## __Applying K-Nearest Neighbors__
Let's examine how to create a KNN classifier model.

## Step 1: Import Required Libraries and Read the Dataset

- Import pandas, NumPy, matplotlib.pyplot, and Seaborn libraries
- Configure matplotlib settings
- Read the dataset and display the first five rows


In [None]:
import pandas as pd
import numpy as np
import matplotlib.pyplot as plt
import seaborn as sns
%matplotlib inline

In [None]:
df = pd.read_csv('Social_Network_Ads.csv')

In [None]:
df.head()

__Observations__
- In the above output, you can see the first few rows of the dataset.
- There are different columns such as user ID, gender, age, estimated salary, and purchased data.

Let us check the info.

In [None]:
df.info()

__Observation__
- There are no null values.

## Step 2: Check How Many People Have Purchased

In [None]:
df['Purchased'].value_counts()

__Observation__
- The output above indicates that 143 people purchased while 257 people didn't.

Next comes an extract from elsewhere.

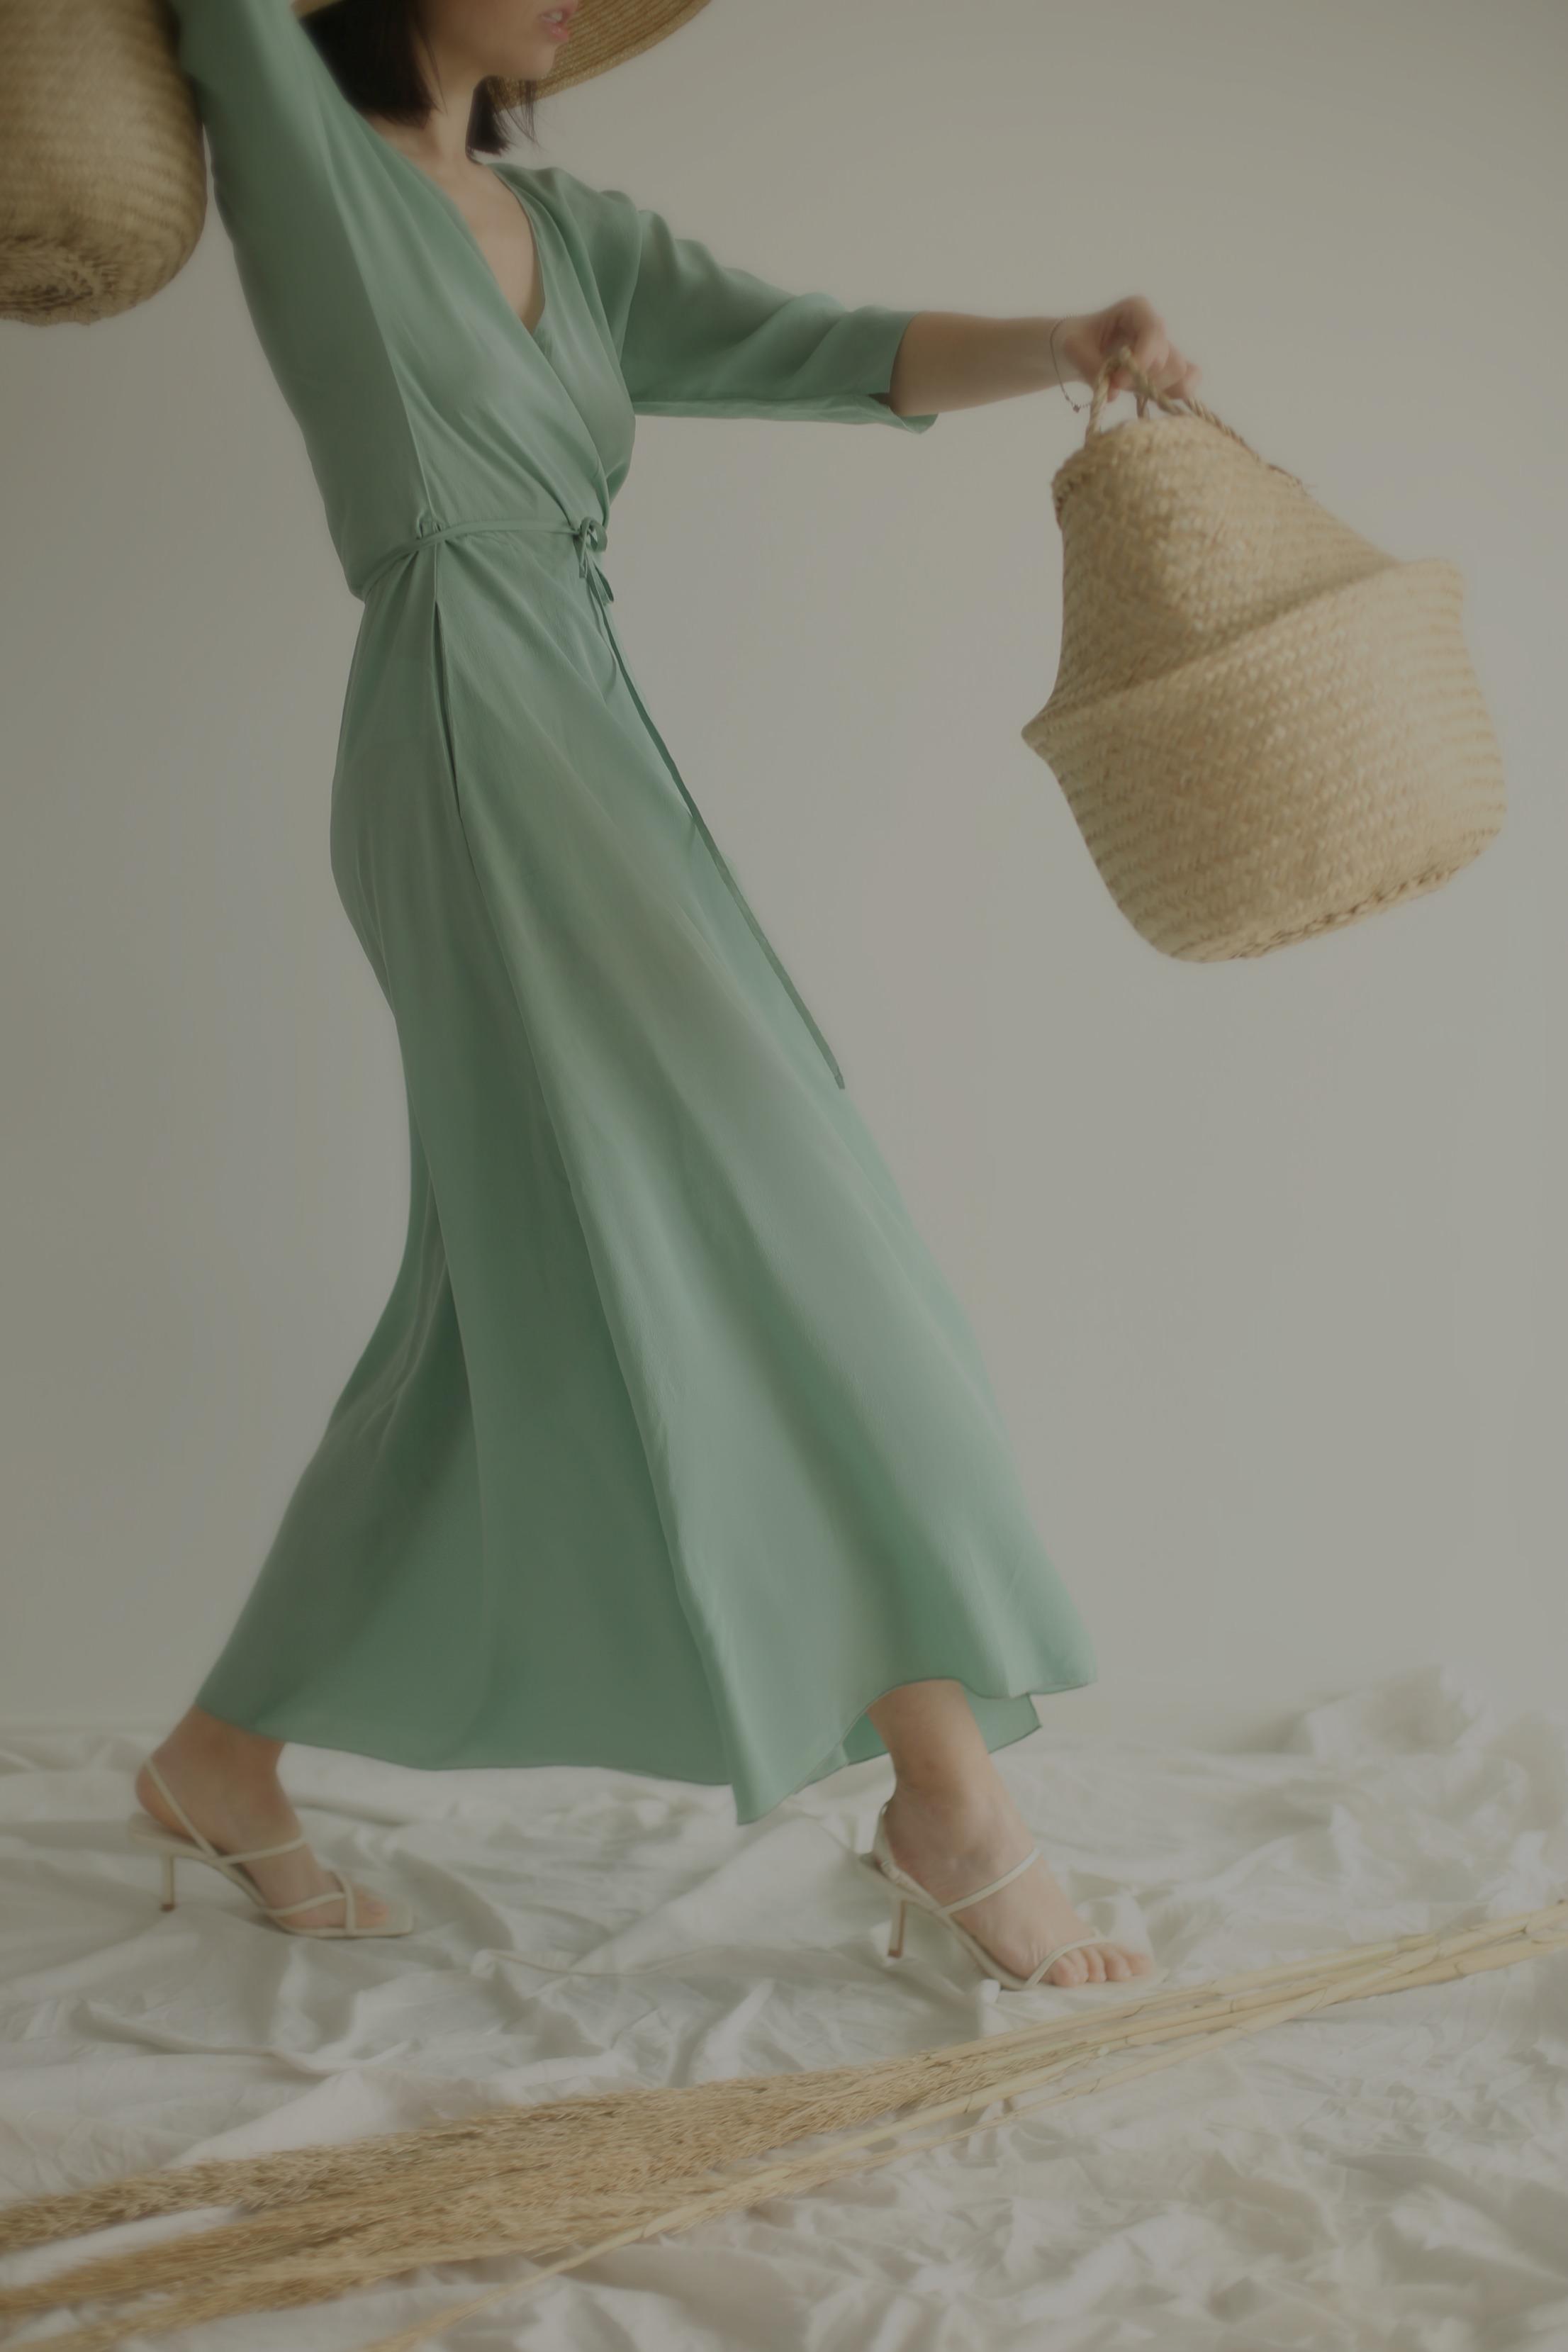 pomandere abito, theladycracy.it, elisa bellino, fashion influencer italiane famose instagram 2019, fashion blogger italiane famose 2019, fashion blogger italia 2019,  montegallo hat
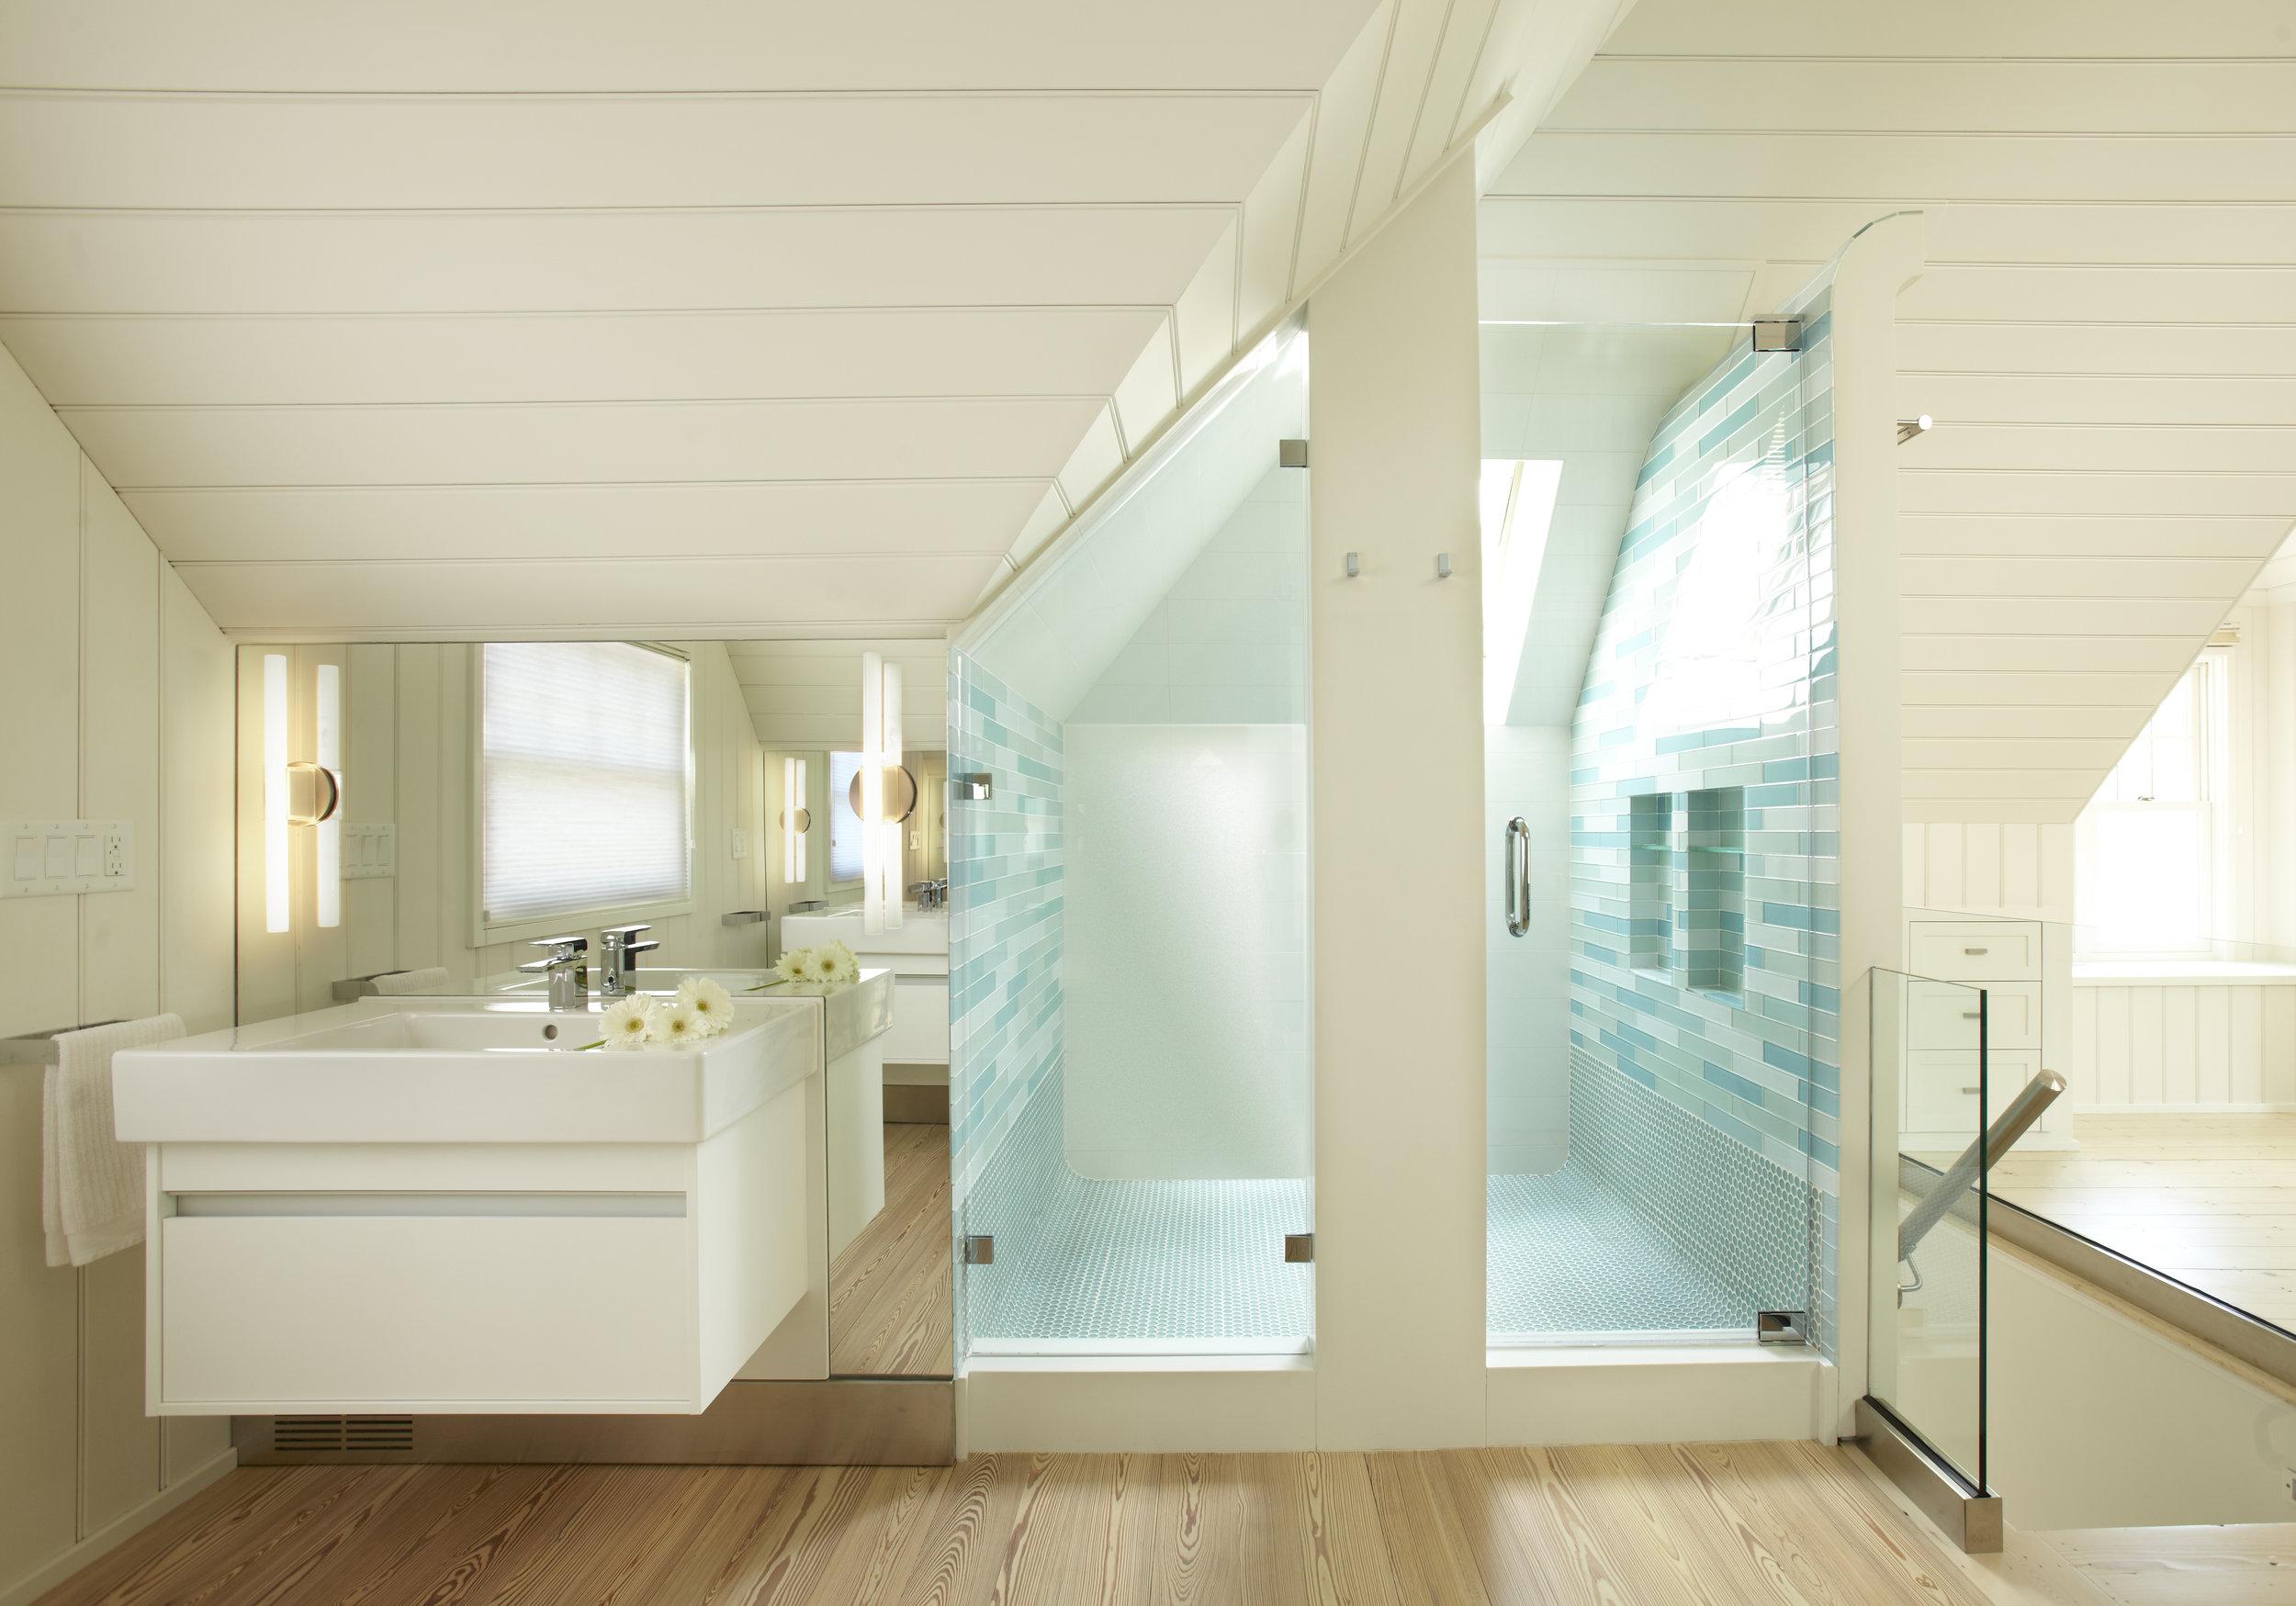 kennard architects - dana_bed_1_final.jpg

Let us create a dummy variable for gender.

In [None]:
Gender = pd.get_dummies(df['Gender'],drop_first=True)

In [None]:
df = pd.concat([df,Gender],axis=1)

Drop the gender column as the dummy variable is converted

In [None]:
df.drop(['Gender'],axis=1,inplace=True)

## Step 3: Define Features and Target Variable

- Define the feature matrix X and target variable y

In [None]:
X = df[['Age','EstimatedSalary','Male']]
y = df['Purchased']

## Step 4: Standardize the Features

- Import StandardScaler and scale the features


In [None]:
from sklearn.preprocessing import StandardScaler

In [None]:
scaler = StandardScaler()

In [None]:
scaler.fit(X)

Now, let's transform the features.

In [None]:
scaled_features = scaler.transform(X)
scaled_features

Now, let's create a DataFrame.

In [None]:
df_feat = pd.DataFrame(scaled_features,columns=X.columns)
df_feat.head()

__Observation__
- The data is transformed here.

## Step 5: Split the Data into Training and Testing Sets

- Import train_test_split and split the data


In [None]:
from sklearn.model_selection import train_test_split

In [None]:
X_train, X_test, y_train, y_test = train_test_split(scaled_features,y,
                                                    test_size=0.20)

In [None]:
from sklearn.linear_model import LogisticRegression
from sklearn.model_selection import train_test_split
from sklearn.metrics import confusion_matrix, classification_report, roc_curve, roc_auc_score
import matplotlib.pyplot as plt
import seaborn as sns

# Create and train the logistic regression model
lr = LogisticRegression(multi_class='ovr', solver='liblinear')
model = lr.fit(X_train, y_train)

# Predict the labels for the test set
y_pred = model.predict(X_test)

# Classification Report
report = classification_report(y_test, y_pred)
print("Classification Report:")
print(report)

# ROC Curve
proba = model.predict_proba(X_test)
proba_class1 = proba[:, 1]  # Probability of positive class
fpr, tpr, thresholds = roc_curve(y_test, proba_class1)
roc_auc = roc_auc_score(y_test, proba_class1)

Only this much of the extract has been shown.